İntegral Menkul Değerler Analisti Tuğba Özay
İntegral Menkul Değerler Analisti Tuğba Özay

TUĞBA ÖZAY >> İntegral Menkul Değerler, Araştırma Departmanı, Analist >> ABD’de 2012’de Mali Uçurum tartışmasıyla birlikte Cumhuriyetçiler ve Demokratlar arasında baş gösteren bütçe savaşı tam hızla devam ediyor. ABD hükümeti, bütçe görüşmelerinde anlaşma sağlanamaması nedeniyle 17 yıl sonra ilk kez kapatıldı. Bunun sonucunda, ABD hükümetinin sınırda olan borç seviyesinin yükseltilmesini engellemek amacıyla, kamuda çalışan 800 bin kişi zorunlu izne çıkartıldı. Demokratların çoğunluğu oluşturduğu kongrenin üst kanadı ile Cumhuriyetçilerin oluşturduğu kongrenin alt kanadı arasındaki uzlaşmazlık, dünyanın en büyük ekonomisinde verilerin dahi açıklanamadığı bir ortamla sonuçlanıyor. ABD’de ekonomiyi tehdit eden risk yalnızca hükümetin kapanması değil. Aksine ufukta belirmeye başlayan yeni mali engellerin yalnızca başlangıcı.

ABD’de hükümet en son 1995-96 yıllarında kapanmıştı. Ancak ekonomi o zaman federal hükümete ilişkin bu sorunu kaldırabilecek güce sahipti. Mevcut toparlanma, tarihi kayıtlar ile karşılaştırıldığında en zayıf seviyesinde. Geçmiş yılları incelediğimizde, ABD’nin 2002 Temmuz ayından bu yana, yani 10 yılı aşkın bir süredir bütçe açığı verdiği görülebilir. Cumhuriyetçi Başkan George W. Bush döneminin ikinci senesinden bu yana negatif bölgelerde gezinen bütçede, Bush döneminin başından 2008 krizinin başlangıcı olarak kabul edilebilecek Ağustos 2007 tarihine kadar bütçenin GSYH’ya oranında yüzde 191 azalma görüldü. Aynı dönem içerisinde ABD’nin borcunun GSYH’ya oranı ortalama yıllık yüzde 1 ve toplamda yüzde 7,43 artışla sınırlı kalırken, kriz sonrasında bu oranda yüzde 77 artış görüldü. Demokrat Başkan Clinton döneminden sonra sıkıntıların arttığı ABD’nin bütçe açığında, Cumhuriyetçi Başkan Bush’un dönemindeki gevşek bütçe kontrolleri, görünüşe bakılırsa borç sıkıntısının temelini oluşturuyor.
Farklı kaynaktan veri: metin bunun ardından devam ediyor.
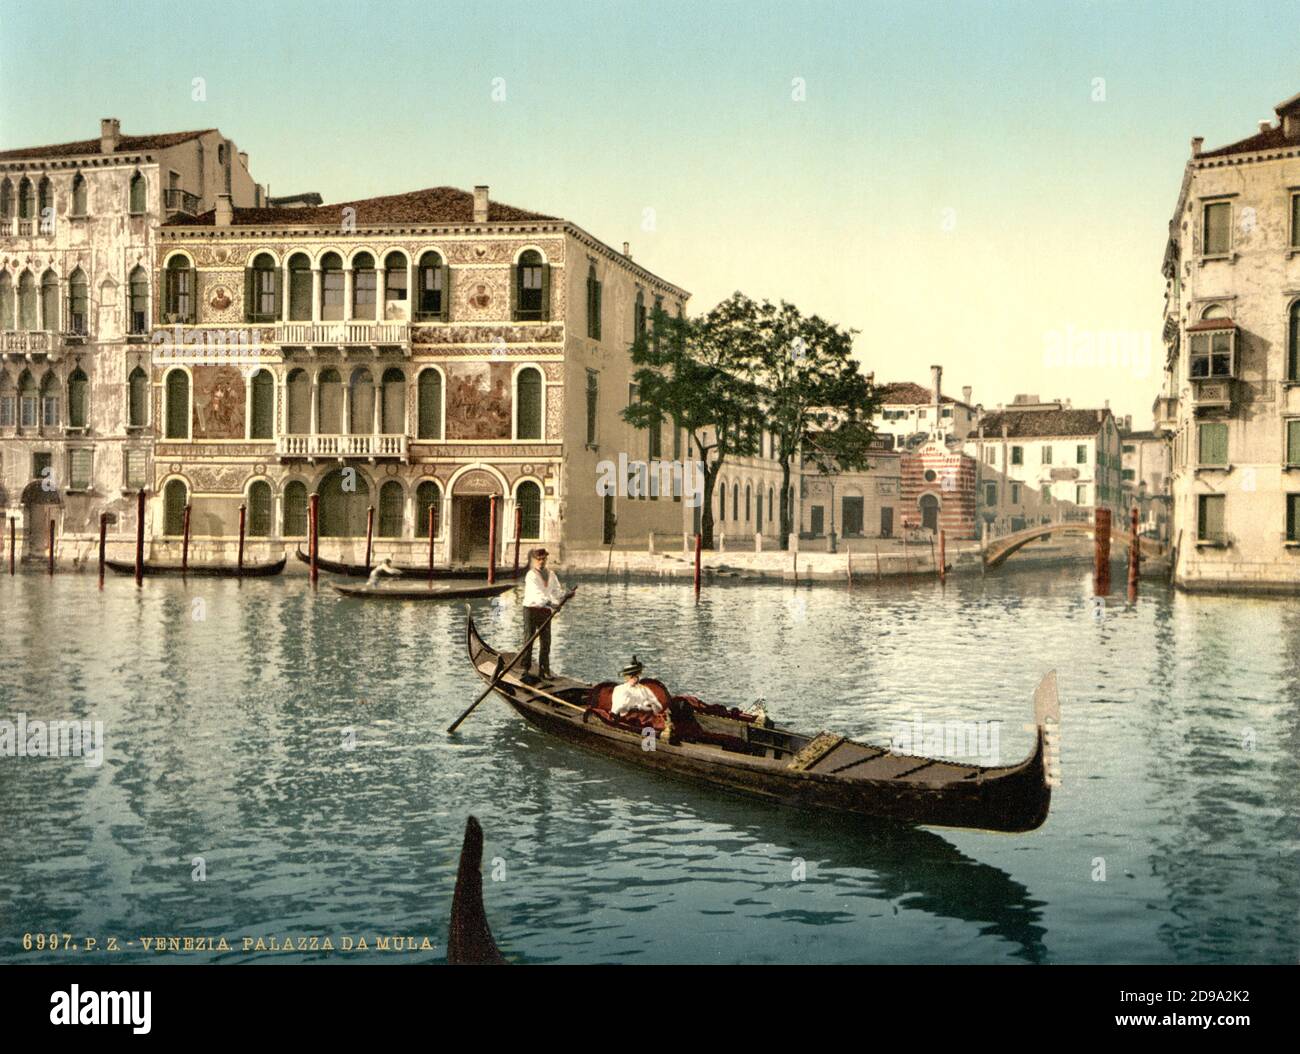 1895 ca. , ISOLA DI MURANO , VENEZIA ,  ITALY : The  Da Mula Palace . PALAZZO DA MULA . Photocrom print colors edited by Detroit Publishing Co.  -  VENICE - VENETO -  ITALIA - FOTO STORICHE - HISTORY - GEOGRAFIA - GEOGRAPHY  - ARCHITETTURA - ARCHITECTURE  -     - ARTS - ARTE - gondola - canale - ISLE   ----  Archivio GBB Stock Photo

Hükümet anlaşmaya varamazsa kayıplar artabilir

Hükümetin kapalı kalmaya devam etmesi halinde, büyümeyle birlikte birçok konjonktürün etkilenebileceği tahmin ediliyor. Reel GSYH yalnızca federal harcamaların azaltılmasından değil, dolaylı bazı başka sebeplerden de etkilenebilir. Çalışanların zorunlu izne çıkartılmaları ve maaş alamayacak olmalarının en başta tüketimi ve talebi etkilemesi muhtemel. Diğer yandan, hükümete tedarik sağlayan özel şirketler çok önemli bir müşterilerini kaybetti. Tüketici ve iş dünyası güveni muhtemelen büyük oranda zarar görebilir. Şirketler işe alımları yavaşlatabilir. Ayrıca yeni ekipman alımı yapmayı durdurma ihtimalleri de var.

Hükümetin kapanması gelişmekte olan piyasalarda sorun yaratabilir

ABD’de tahvil piyasaları ise hükümetin kapalı olmasından çok etkilenmiş görünmüyor. ABD hükümeti kapansa da borçlanma maliyetleri geriliyor. Hisse senedi piyasaları, ABD hükümetinin kapanma ihtimaline tepki verirken, 10 yıllık Hazine tahvilleri neredeyse hiç değişmedi; kısa vadeli tahvil faizleri ise düştü. Dahası, ABD ile gelişmekte olan piyasaların performansları karşılaştırıldığında ortaya çıkan tablo daha da ilginç: İlk tepkilere baktığımızda S&P 500 yüzde 0,6 değer kaybederken Brezilya, Hong Kong ve Hindistan borsaları yüzde 1,5 civarında değer kaybetti. Yani ABD ekonomisinin bir süre daha kapalı kalması kayıpları arttıracak olsa da geri dönüşsüz bir felakete sürüklemeyeceğe benziyor. Diğer yandan ABD hükümetinin kapanması nedeniyle oluşan zayıflık, gelişmekte olan piyasalar için sorun yaratabilir. Ayrıca emtia fiyatlarını da düşürerek Brezilya ve Rusya gibi hammadde ihracatçılarına zarar verebilir.

Bu kapsamda global anlamda tüm piyasaların kaderi ABD’den gelecek açıklamalara bağlı görünüyor. Senato ile Temsilciler Meclisi’nin uzlaşmaya varması tüm piyasaları rahatlatabilir. Borç tavanının yükseltilmesi için hükümetin kapanmasının ve bütçe tartışmalarının üstesinden gelinmesi gerekiyor. Bu sebeple, gözler 17 Ekim’de gerçekleşecek toplantıda. Borç limitinin yükseltilmemesi durumunda hükümetin elinde borçlarını ödemeye yetecek kadar nakit para kalmayacak. Böyle bir senaryonun gerçekleşmesi halinde ABD hükümeti ödemelerini yapamaz hale gelirse, küresel finans piyasalarının da bu duruma tepkisi olumsuz olabilir.